D'Amico Anthony
Genitourinary Radiation Oncology, Brigham and Women's Hospital, Dana Farber Cancer Institute, Harvard Medical School, Boston, MA, USA.
BJU Int. 2007 Jan;99 Suppl 1:13-6; discussion 17-8. doi: 10.1111/j.1464-410X.2007.06594.x.

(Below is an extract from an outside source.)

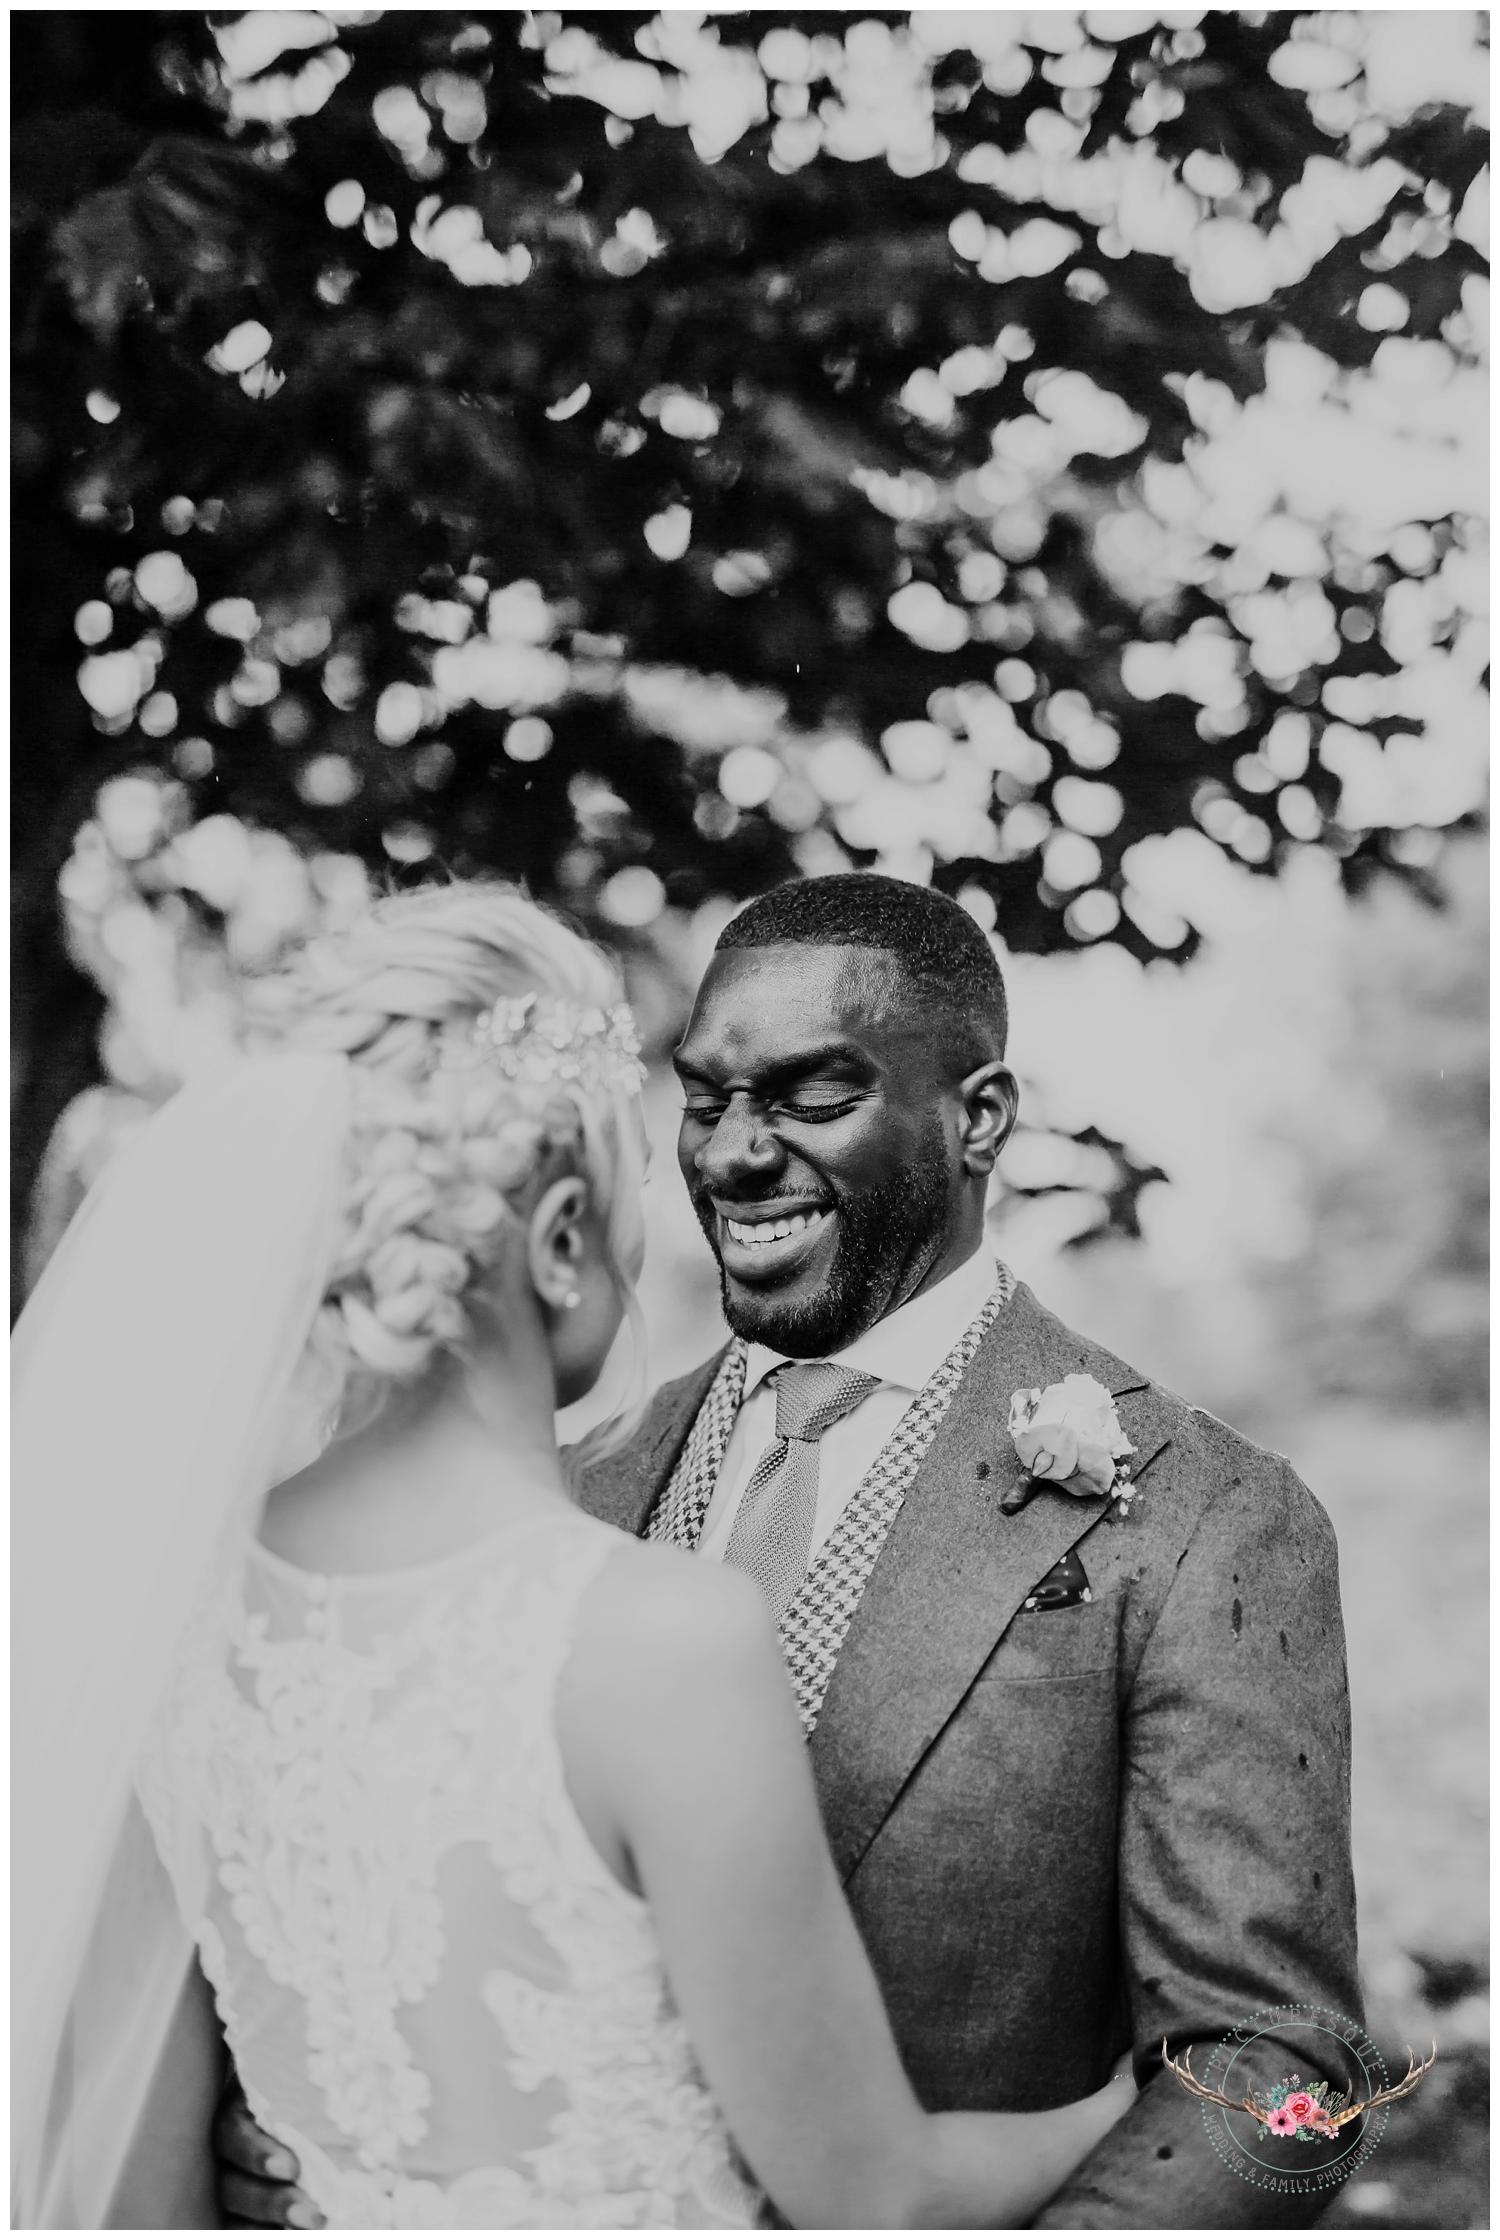 Kinkell Byre, Scottish wedding, Picturesque, WeddingPhotography, Scotland_0055.jpg

Prostate-specific antigen doubling time (PSA-DT) after surgery or radiotherapy (RT) is known to be a predictive factor for death from prostate cancer (prostate cancer-specific mortality, PCSM). An analysis of two multi-institutional databases, including 8669 men with prostate cancer treated with surgery or RT, found that a PSA-DT of <3 months, and the specific value of the PSA-DT when > or = 3 months, appeared to be surrogate endpoints for PCSM after surgery or RT. While many PSA failures occur after local therapy for localized prostate cancer, few of these patients go on to die from their disease, so it is important to identify other factors associated with PCSM, so that the subgroup of high-risk patients can be identified. An analysis was undertaken to determine whether patients at risk of PCSM could be identified using information available at diagnosis. The results showed that risk factors for PCSM were a PSA velocity of >2.0 ng/mL/year, a Gleason score of 8-10 and an increasing PSA level. However, the most important risk factor that had an impact on both PCSM and all-cause mortality was a PSA velocity of >2.0 ng/mL/year. PSA kinetics are being increasingly used in the setting of rising PSA levels after radical prostatectomy or RT, and several studies showed that the rate of increase in PSA level at the time of recurrence is closely associated with time to cancer death. A PSA-DT of <3 months is associated with a poor prognosis, and represents 15-20% of PSA failures in the general population and 6-7% of PSA failures in a screened population, such as those included in clinical trials. Better risk-assessment models are needed to help to identify at an early stage men who are at high risk of prostate cancer death and those who are at low risk, so that each subgroup can receive the most appropriate therapy for their disease.
手术后或放疗后的前列腺特异性抗原倍增时间(PSA-DT)已知是前列腺癌死亡(前列腺癌特异性死亡率,PCSM)的一个预测因素。对两个多机构数据库进行分析,纳入了8669例接受手术或放疗的前列腺癌男性患者,结果发现PSA-DT<3个月以及PSA-DT≥3个月时的具体数值,似乎是手术后或放疗后PCSM的替代终点。虽然局部前列腺癌局部治疗后会出现许多PSA失败情况,但这些患者中很少有人最终死于该疾病,因此识别与PCSM相关的其他因素很重要,以便能够识别出高危患者亚组。进行了一项分析以确定是否可以使用诊断时可用的信息来识别有PCSM风险的患者。结果显示,PCSM的风险因素包括PSA速率>2.0 ng/mL/年、Gleason评分8 - 10分以及PSA水平升高。然而,对PCSM和全因死亡率都有影响的最重要风险因素是PSA速率>2.0 ng/mL/年。PSA动力学越来越多地用于根治性前列腺切除术后或放疗后PSA水平上升的情况,多项研究表明复发时PSA水平的升高速率与癌症死亡时间密切相关。PSA-DT<3个月与预后不良相关,在一般人群中占PSA失败的15 - 20%,在筛查人群(如临床试验中的人群)中占PSA失败的6 - 7%。需要更好的风险评估模型来帮助早期识别前列腺癌死亡高风险和低风险的男性,以便每个亚组都能接受最适合其疾病的治疗。